We report a linear-scaling numerical method for exploring nonequilibrium electron dynamics in systems of arbitrary complexity. Based on the Chebyshev expansion of the time evolution of the single-particle density matrix, the method gives access to nonperturbative excitation and relaxation phenomena in models of disordered materials with sizes on the experimental scale. After validating the method by applying it to saturable optical absorption in clean graphene, we uncover that disorder can enhance absorption in graphene and that the interplay between light, anisotropy, and disorder in nanoporous graphene might be appealing for sensing applications. Beyond the optical properties of graphene-like materials, the method can be applied to a wide range of large-area materials and systems with arbitrary descriptions of defects and disorder.

Figures (4)

• Figure 1: Time evolution of the graphene carrier occupation for photon energies (a) $\hbar\omega_p = 0.8$ eV and (b) $0.6$ eV, with $\mu_0 = 0$. The dashed lines indicate the expected absorption peak at $\hbar\omega_p/2$. (c) Evolution of $n$- and $p$-doped distributions with $\mu_0 = \pm 0.6$ eV (solid and dashed lines, respectively), indicating Pauli blocking. (d) Absorption efficiency vs. photon energy for different optical intensities, with the universal optical absorption of monolayer graphene $\eta\approx2.3\%$ highlighted by the yellow dashed line.

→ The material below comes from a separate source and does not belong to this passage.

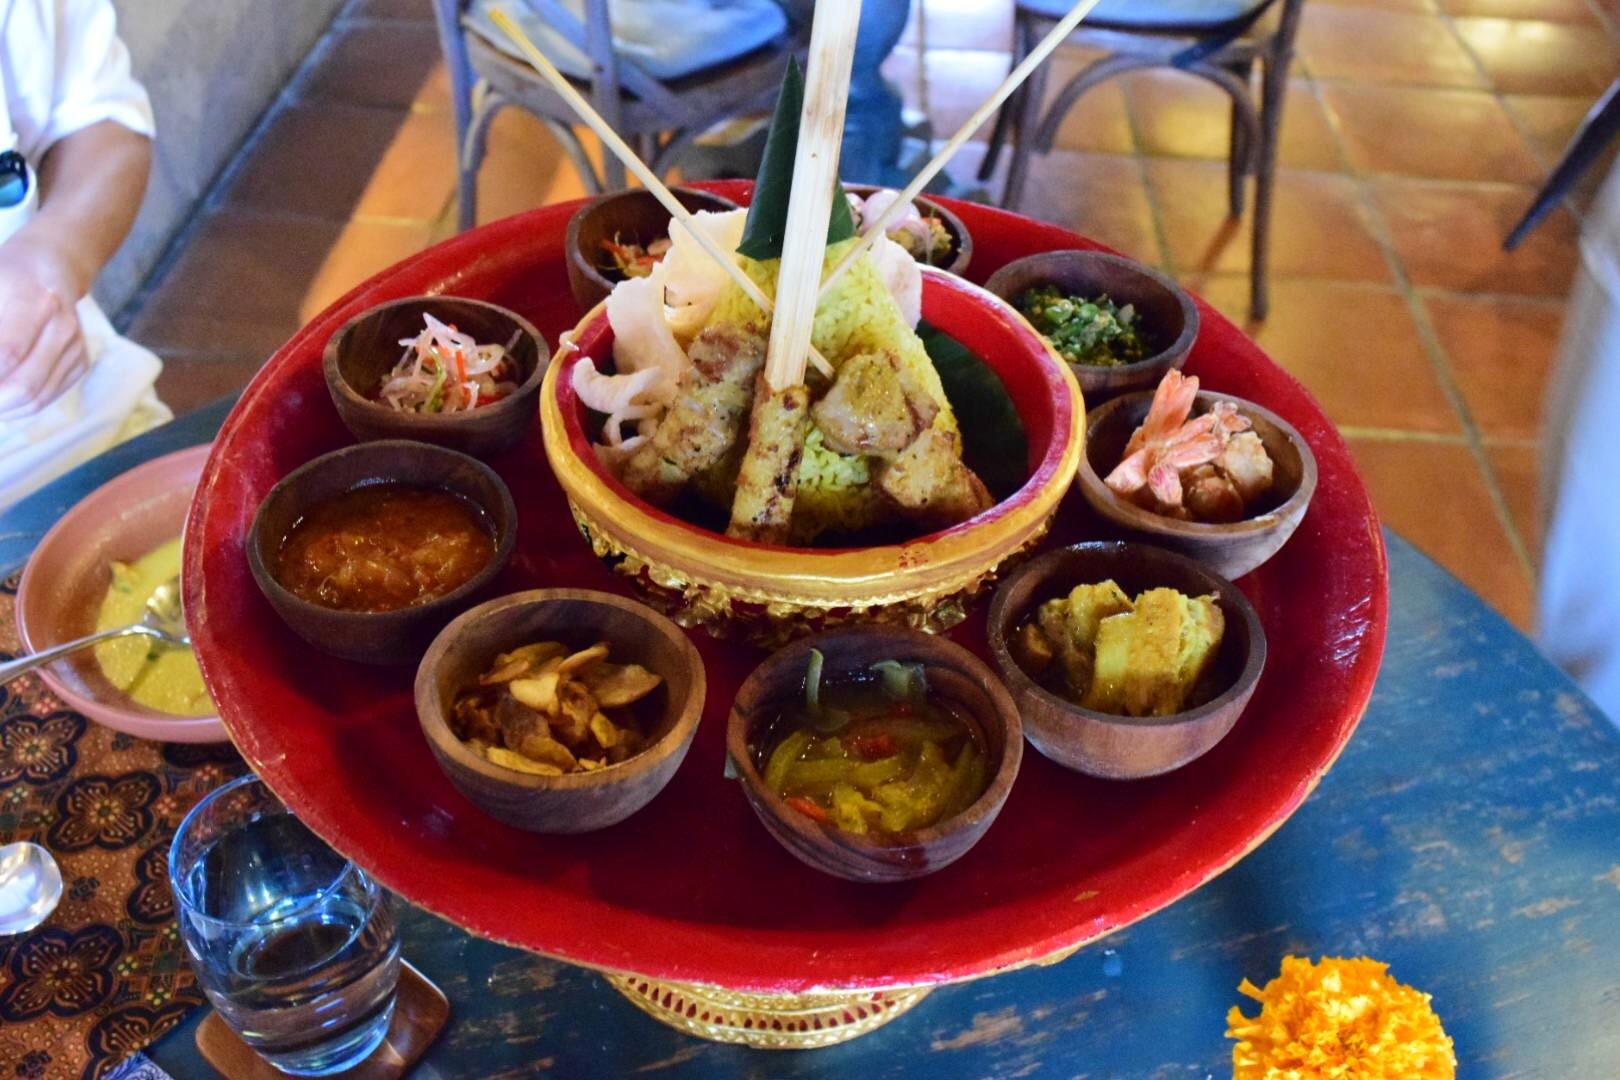 初めてのバリ旅行で利用しました。 私が利用した時はグループに1人ガイドさんと運転手がつきました。 ウブドらしい場所にたくさん連れて行ってもらえます。ガイドさんも写真をたくさん撮ってもらえます。 個人的に良かったのが、棚田を見ながらのご飯とウブド市場と夕食。夕食はお洒落で雰囲気がいいところで豪華なインドネシア料理がいただけます。 王道な三大寺院はツアーに入っていないため行けなかったのが少しだけ心残りでした。

In all cases, $T_0 = 0$ K with a pulse envelope $P(t)=\mathop{\mathrm{sech}}\nolimits\left[ (t-2T_p) / \gamma T_p \right]$, where $T_p = 2\pi / \omega_p$ and $\gamma \approx 0.5673$.
• Figure 2: (a) Energy absorption efficiency vs. light intensity for clean graphene with $\mu_0=-5$ meV and $T_0 = 300$ K, under a 63-fs optical pulse with $\hbar\omega_p = 1.55$ eV. Black symbols are experimental data baek2012efficient, and colored lines are simulations with varying $\tau_\mathrm{ee}$. The solid line and the shaded area for the MD data correspond, respectively, to the mean optical absorption and its standard deviation over $10$ graphene samples. (b) Time-dependent carrier distribution at high intensity ($I_0 = 3.02\times10^4$ MW/cm$^2$) for $\tau_\mathrm{ee} = 25$ fs. (c) Energy absorption efficiency vs. light intensity in the presence of Anderson disorder, for the same conditions as in panel (a), with $\tau_\mathrm{ee} = 25$ fs. (d) Time-dependent carrier distribution at high intensity ($I_0 = 3.02\times10^4$ MW/cm$^2$) for Anderson disorder strength $W=3$ eV.
• Figure 3: (a) Anisotropic energy absorption of NPG for $\mu_0 = -0.1$ eV, $T_0 = 300$ K and $\tau_\mathrm{ee} = 25$ fs under a $97.65$-fs pulse with $\hbar\omega_p = 1$ eV at various optical intensities. Inset: Schematic of NPG used in our simulations. The red arrows are the ribbon axes and the blue arrow is the direction of light polarization. (b) Angle-dependent energy absorption for disordered NPG under the same conditions, for $I_0 = 3.142 \times 10^3$ MW/cm$^2$ and various Anderson disorder strengths $W$.
• Figure S4: (a) Density of states of graphene with $512\times512\times4$ carbon atoms for various Anderson disorder strengths $W$, computed with $M=1024$ Chebyshev polynomials. (b) Density of states of a nanoporous graphene system composed of $64\times128\times80$, using $M=1536$ Chebyshev polynomials.